Work request: Look for the line containing "L'Anza Kb2 Hydrate" and the line containing "All season outdoor plants-7811" in the entries below. Copy those two and all lines between them exactly, leaving out pictures.

Top of Data to process

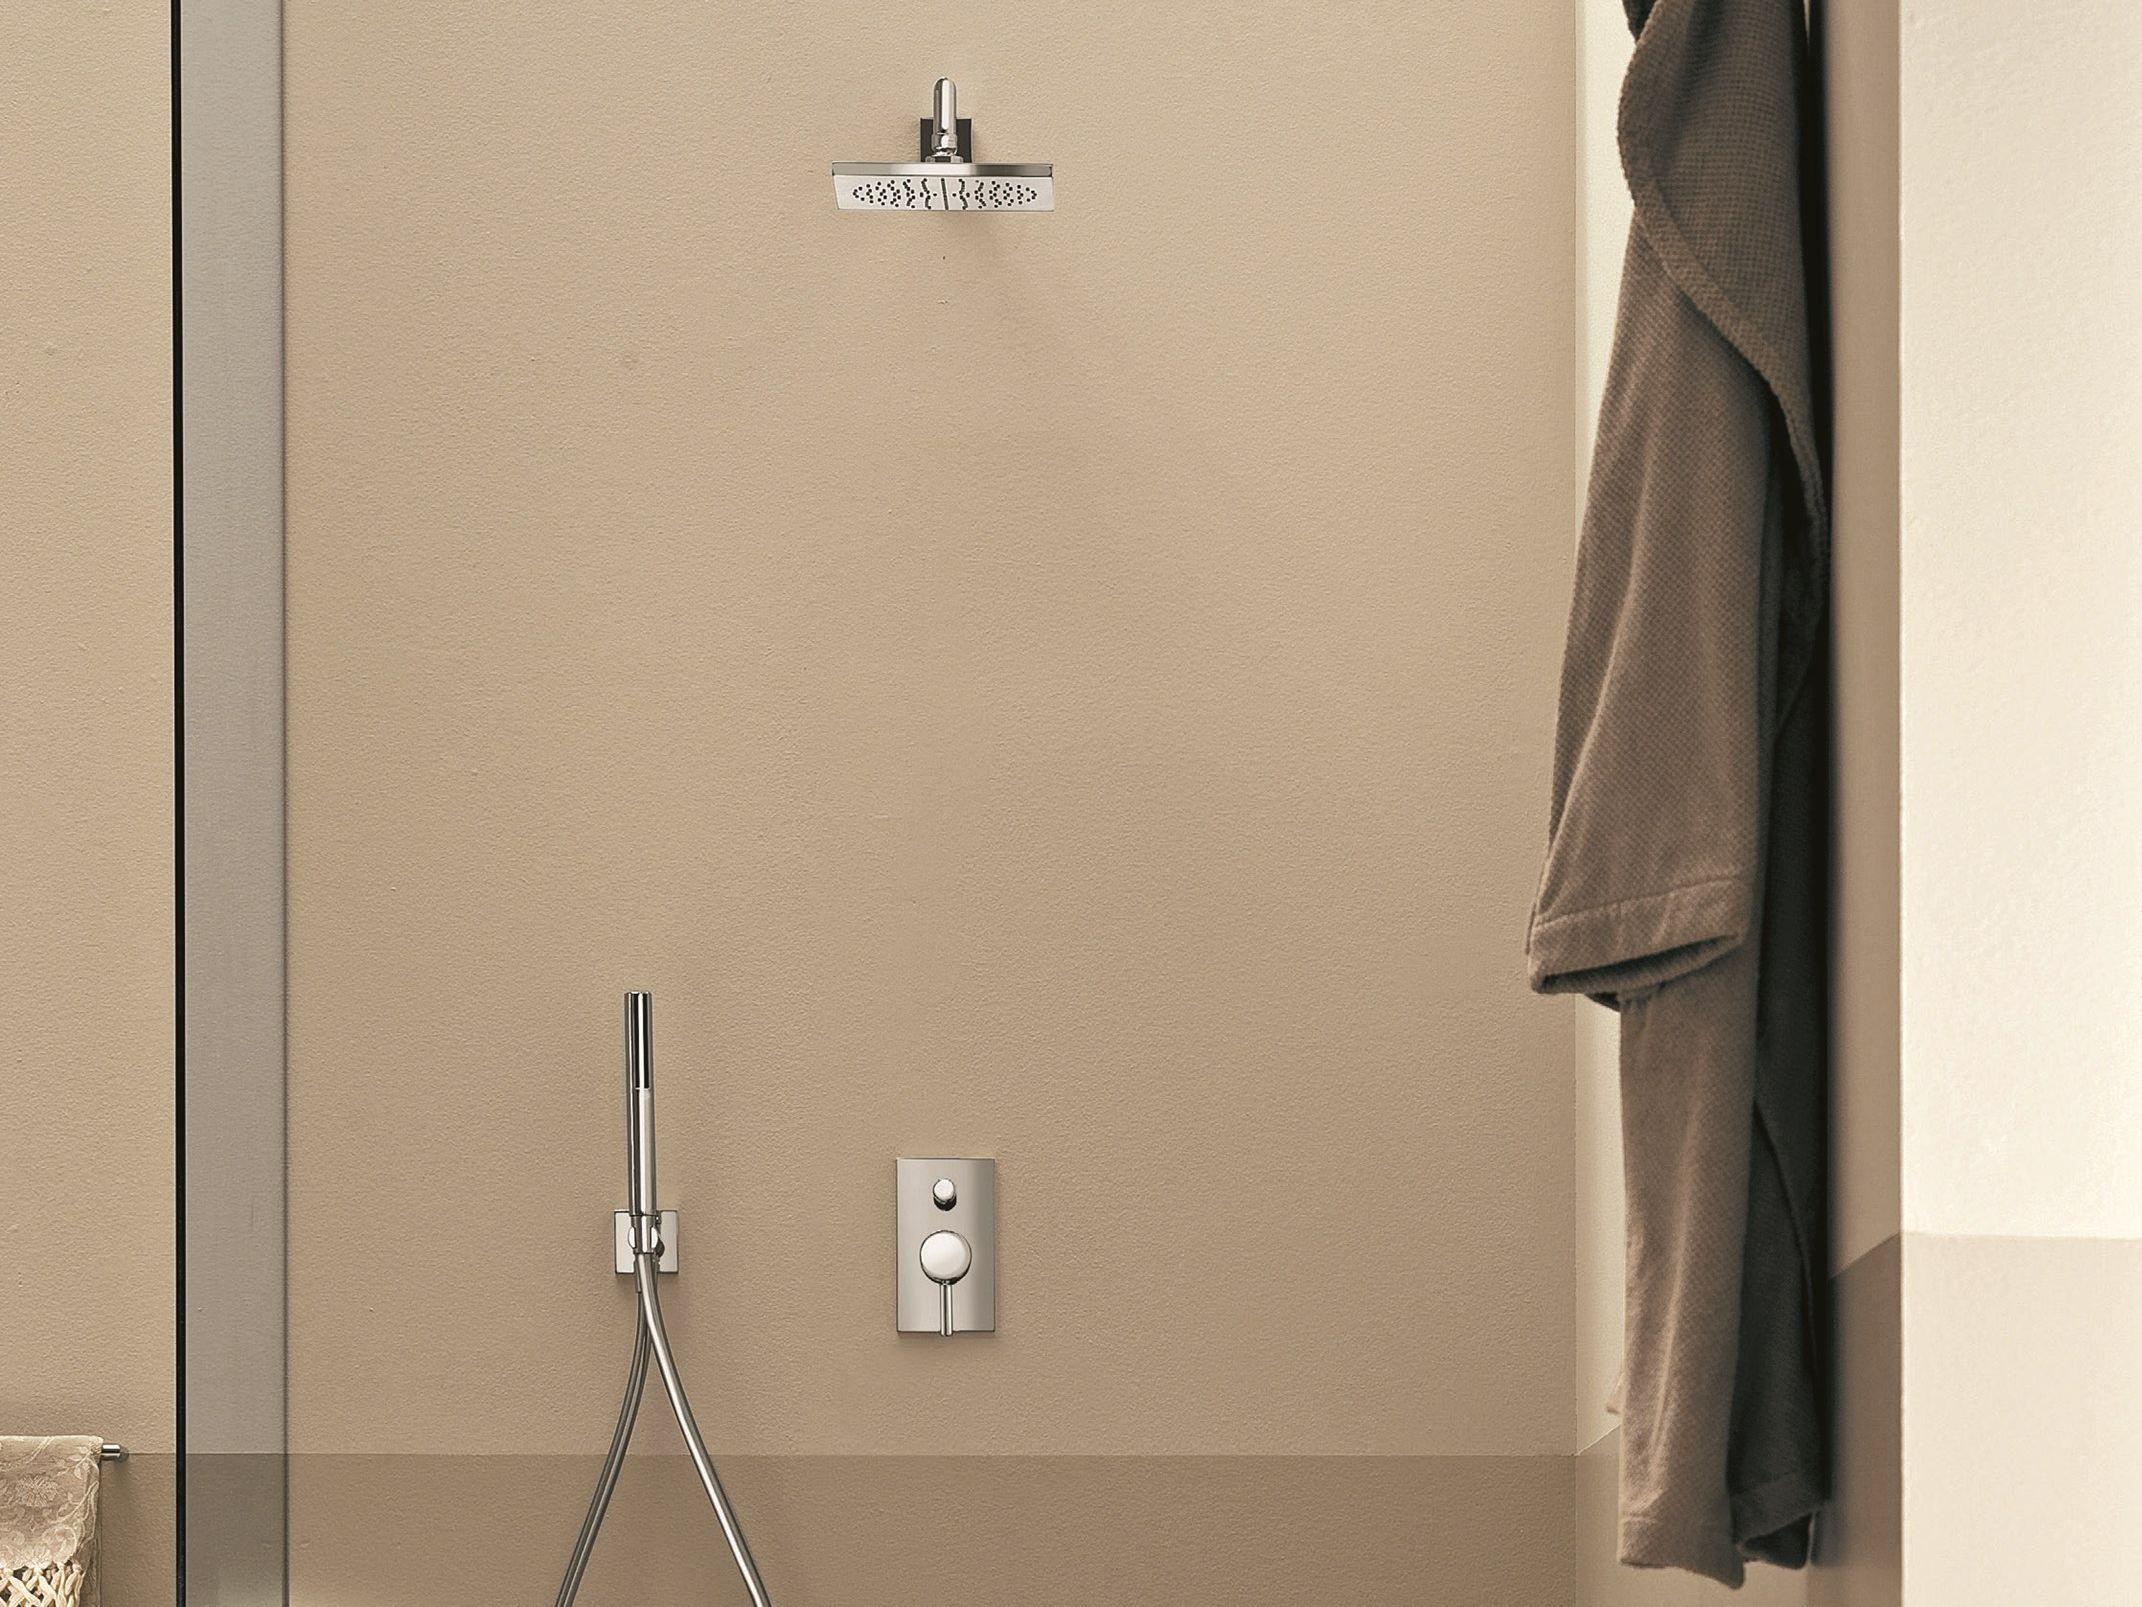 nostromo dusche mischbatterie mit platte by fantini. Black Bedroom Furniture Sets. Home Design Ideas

Bottom of Data to process
Top of Data to process

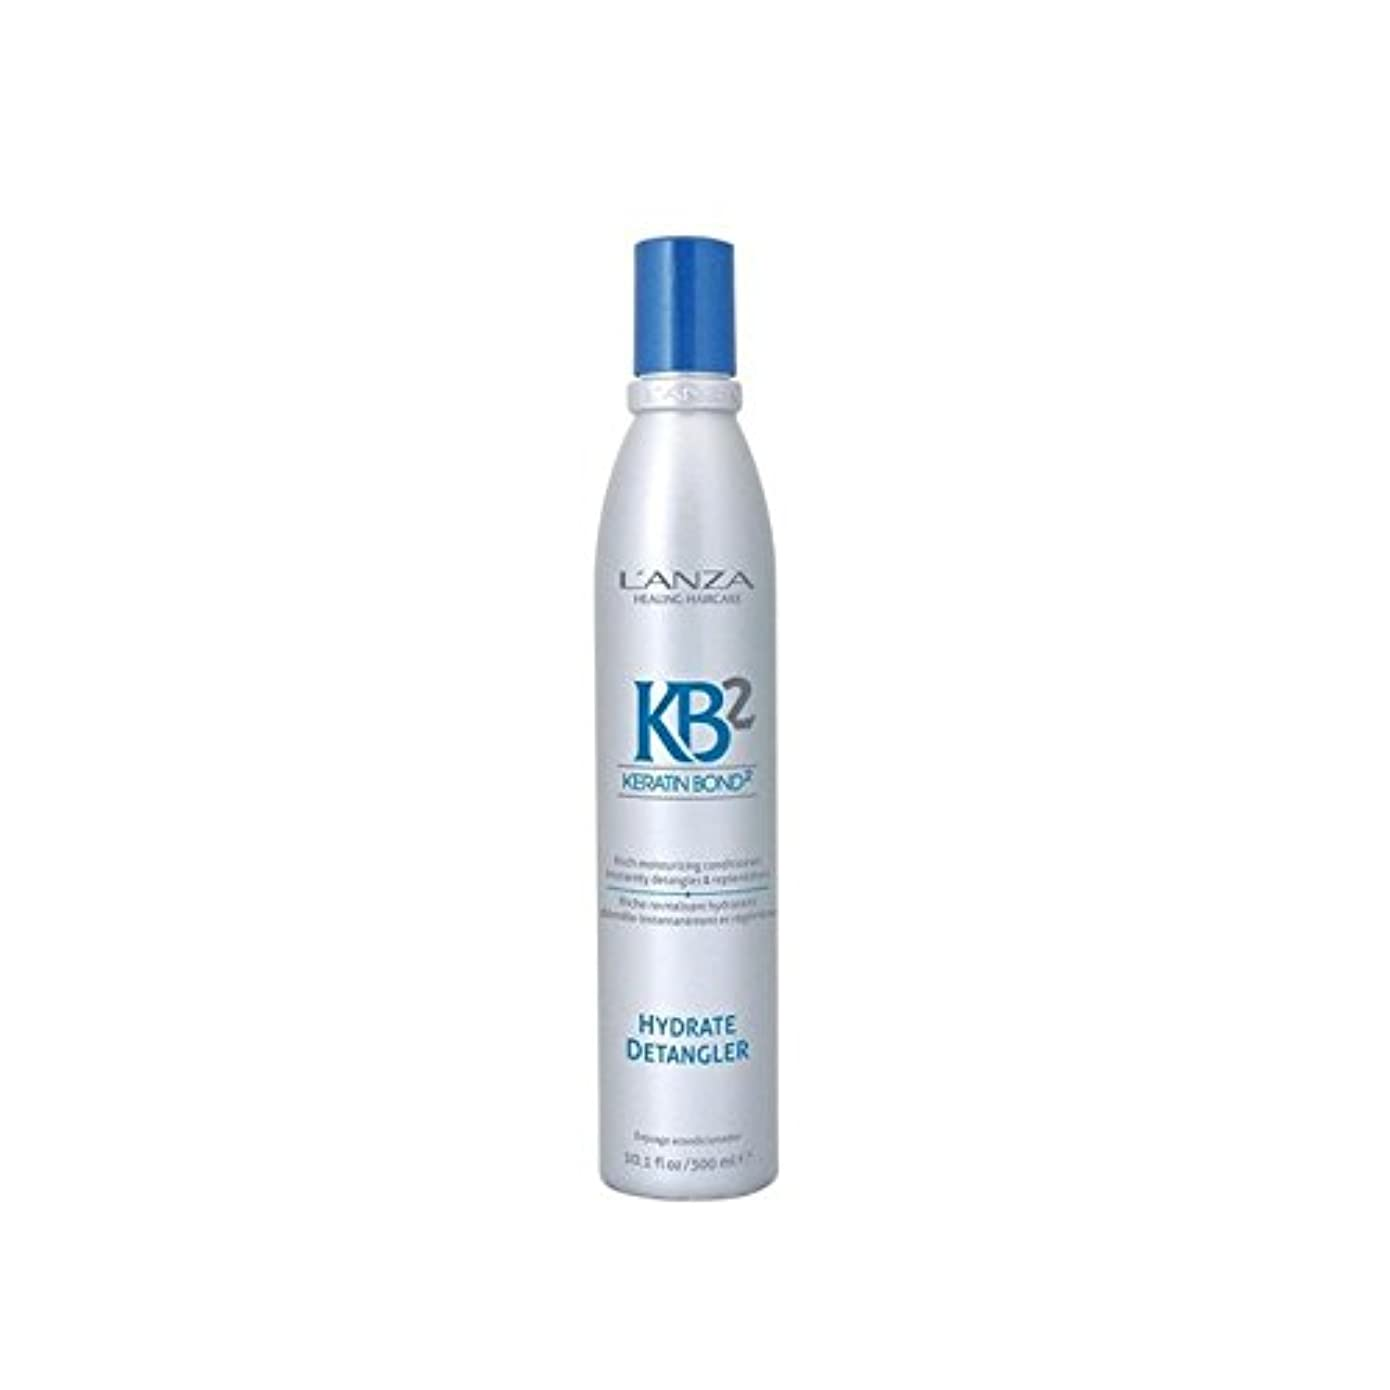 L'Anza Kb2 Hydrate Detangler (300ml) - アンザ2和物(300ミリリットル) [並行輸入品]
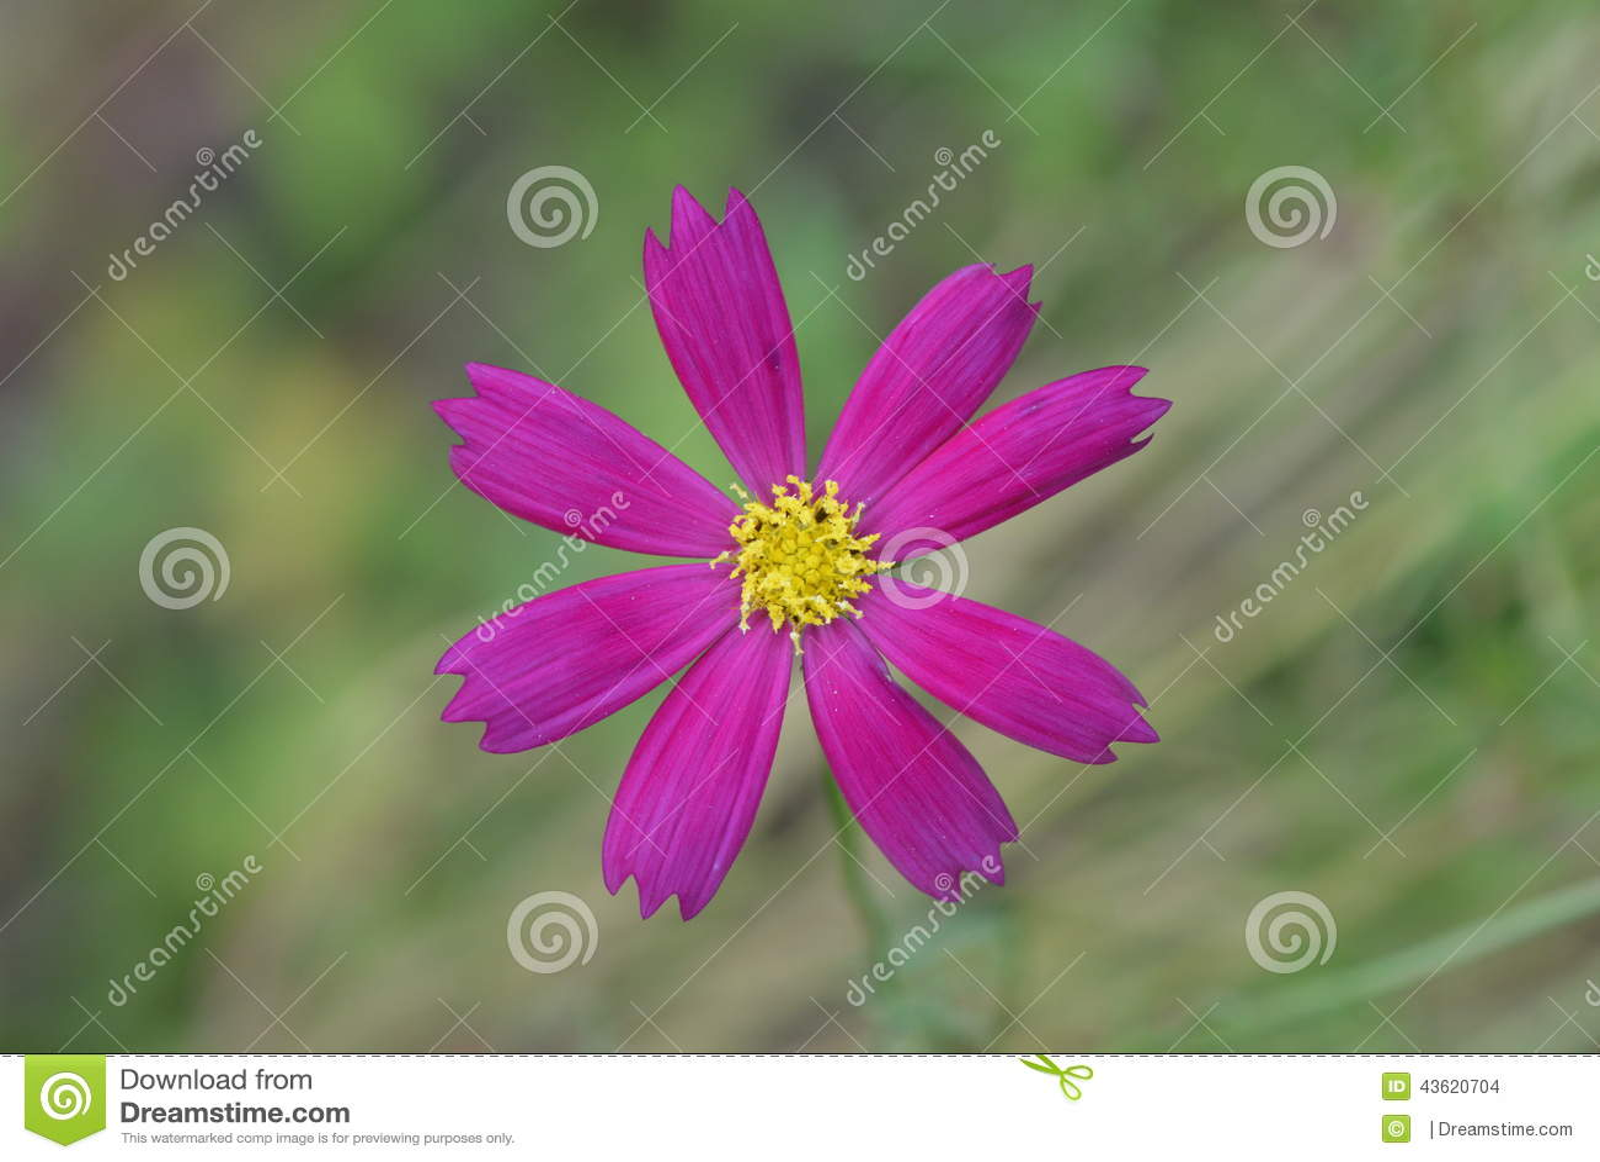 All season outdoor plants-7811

Bottom of Data to process

Answer to this task:
 L'Anza Kb2 Hydrate Detangler (300ml) - アンザ2和物(300ミリリットル) [並行輸入品]
 All season outdoor plants-7811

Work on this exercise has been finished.